Primeiro fiquei frenética ante a possibilidade de ir num lugar tão inusitado para mim. Mas agora, que falta uma semana para a minha partida, experimento certa dose de medo. Primeiro profissional. Imagine, faz muito tempo que não coordeno um grupo. Acabei de fazer a primeira parte da apostila de noções sobre moda, artesanato e criatividade, acho que ficou ótima, mas não conseguir imaginar como são essas pessoas me dá um frio na barriga. Depois tenho medo de não me hospedarem num lugar legal, que eu tenha que conviver com bichinhos ou, o que é pior, gente má.
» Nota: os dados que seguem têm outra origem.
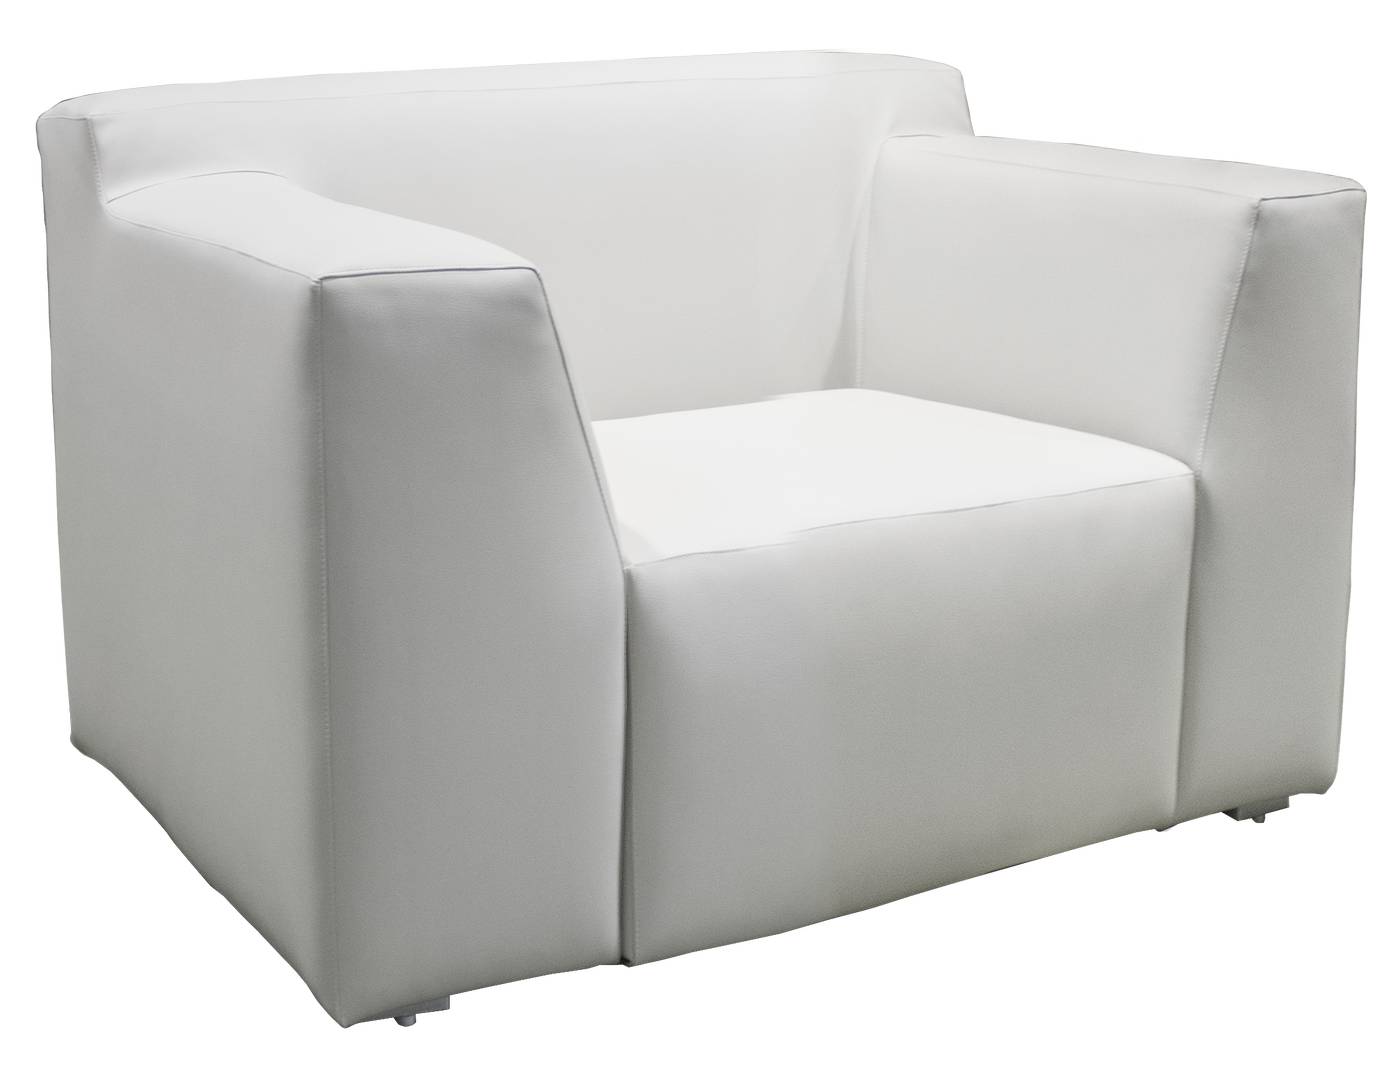 Set Tapizado Basmania - Conjunto de aluminio tapizado con piel nautica o premiun: sofá de 2 o 3 plazas + 2 sillones + 1 mesa de centro. Disponible en varios colores y tipos de tapizado.

Tem também a grande novidade, só revelada nesta sexta: Tenho que adequar meu conteúdo em 100h. Imagine! É muita raça de tempo! Tenho medo de entediar as meninas e me sentir fracassada. E por fim esta questão do tempo, cinco horas diárias dão um mês de Mucuri‼! É muito tempo para mim, ir para tão longe, cheia de coisas aqui, perder Guarapari com Mamis (nós duas planejamos tanto fazer uma coisa só nós)…

Mas são medinhos, coisas que preciso considerar como bobas. Porque até agora tudo parece estar dando tão certo! Mudei também o plano inicial: Tinha resolvido correr aqui com a montagem do curso para passar em Belo Horizonte e fazer a compra do material lá. Contudo, descobri que esta possibilidade é inviável. Tenho que estar em Setubinha daqui há uma semana e ia perder muito tempo. Preciso me virar por aqui mesmo e pensar que sou a Marin Frist, de Men in Trees, minha série de TV predileta na atualidade. Eu sei, lá não é o Alasca. Eu sei, não há fartura de homens sensíveis. Mas ter no currículo um coração partido e ter a incrível missão de levar Chanel, Schiaparelli, Dior, Balenciaga, Courrèges e Laurent pro meio do nada nos faz um pouco parecidas.